I have been assigned the task of upgrading our client ASR 9K clusters (5 sites). They are currently on release 4.3.2 = an ISSU upgrade is out of the question.

https://community.cisco.com/t5/service-providers-documents/upgrading-an-nv-edge-cluster/ta-p/3161698

I have choosed option 1 in the guide above, after copying the .tar package to the harddisk: which command do I run?

Do I run the same commands as I would if it had been a stand-alone node?

admin install add tar harddisk: "tar image name" synch

admin install activate disk0:"release version"

and then the comitt command.

or is other commands needed since it is a cluster setup?

Reason for asking is that our client is a huge broadcasting company and nothing can go wrong unfortunately I have not been able to test the upgrade on a cluster setup reason being is that they have on 9K for lab usuage.

Upgrade plan:

4.3.2 > 6.1.4 > 6.5.3. Have tested this path, both upgrade and downgrade.
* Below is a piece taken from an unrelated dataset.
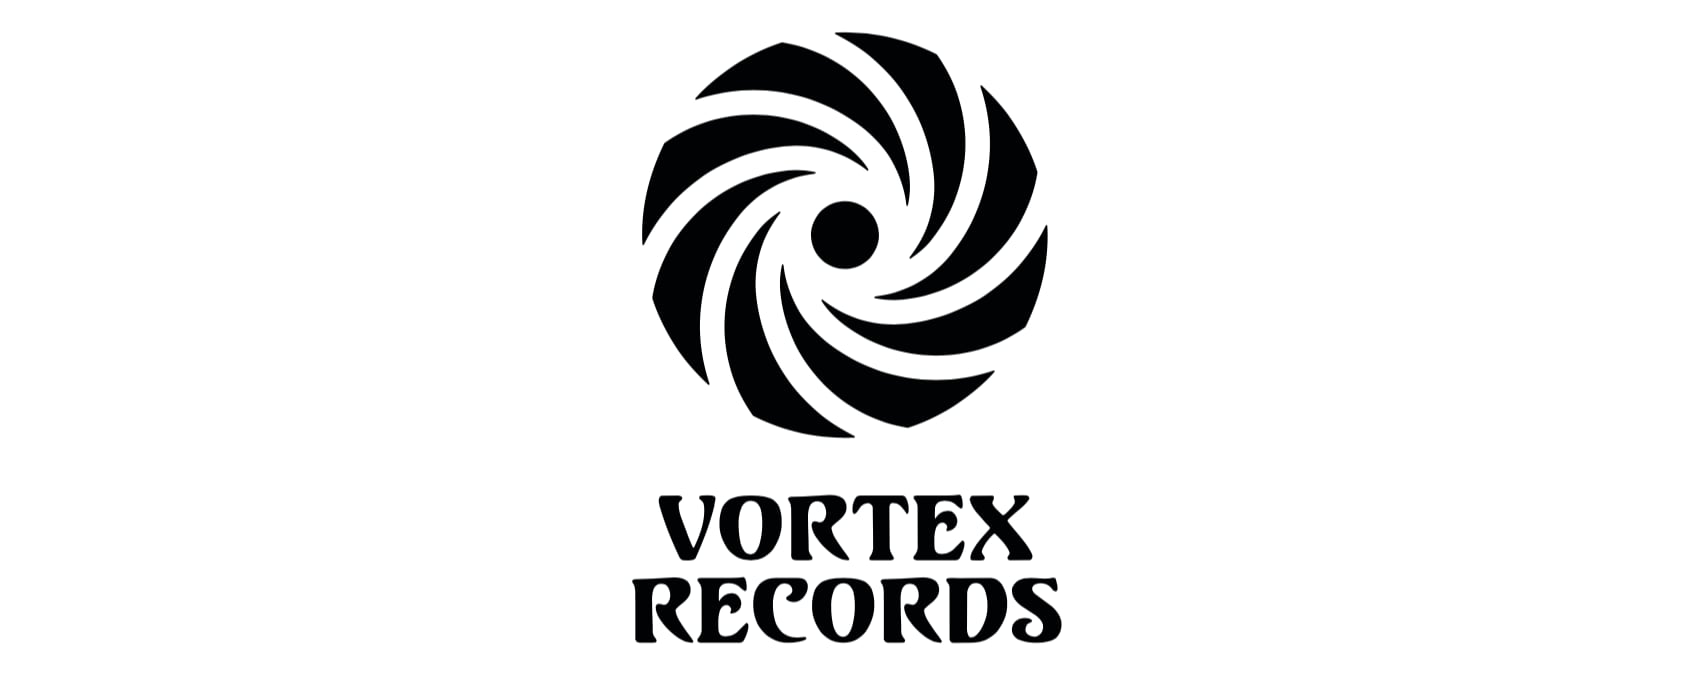 VORTEX RECORDS

Keeps all of the configuration that our client has, the only thing that is needed to add again after downgrading to v4.3.2 is the "new" Cisco root cert.

Any tips and tricks and/or experiense from a cluster upgrade is appreciated

Giuseppe Larosa · ‎05-24-2019

Hello M-avramdis,

I have performed a Cisco ASK 9k cluster upgrade with Cisco TAC guidance going from IOS XR 5.1.3 to XR 5.3.1 some years ago.
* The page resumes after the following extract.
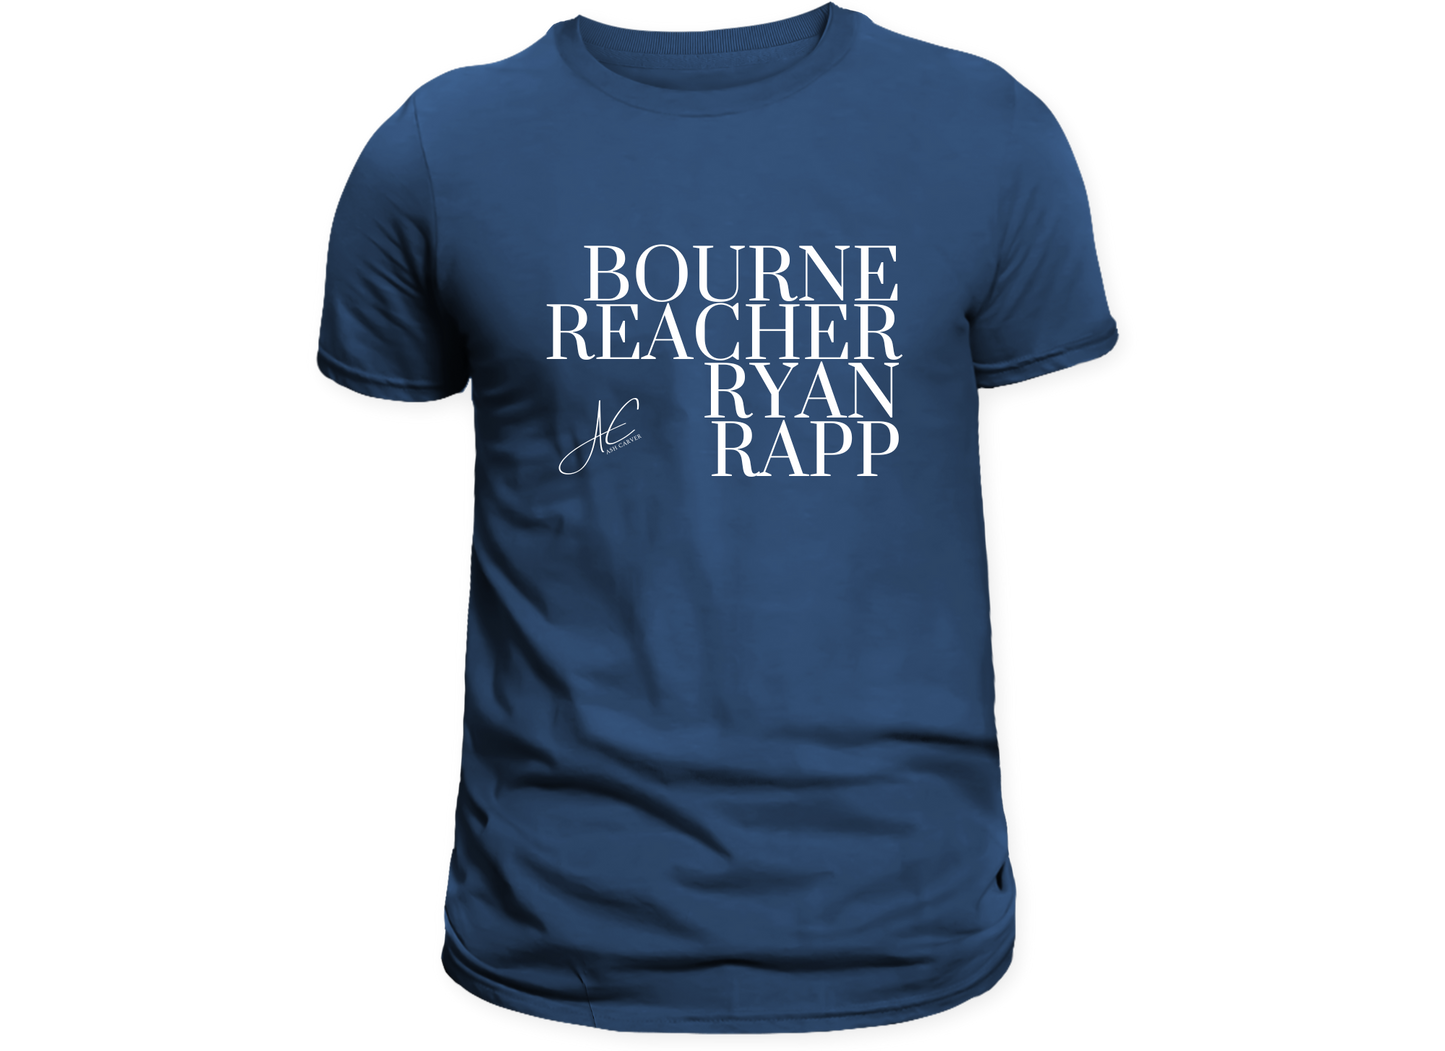 Fictional Bad Ass T-Shirt - Bourne, Reacher, Ryan, Rapp

I took 70 minutes to perform the upgrade including the firmware upgrade of the linecards.

If I remember correctly we used option 1 that means treating the node a single node with two route processors

Notice that because both chassis will reload at the same time you a big network outage.

>> This means that we treat the cluster as a single logical node and the upgrade consists of applying the new image onto both racks at the same time and then reloading. This means that the whole cluster will take a hit and be upgraded at the same time.

In your case with a double upgrade you need to schedule a 3 hours time maintenance window.

It is important to have someone on the site to be able to see and collect the console output during the upgrade.

From the document you have provided the second method using the EEM script may be more a fit for your case as it performs the upgrade each chassis separately with reduced network impact.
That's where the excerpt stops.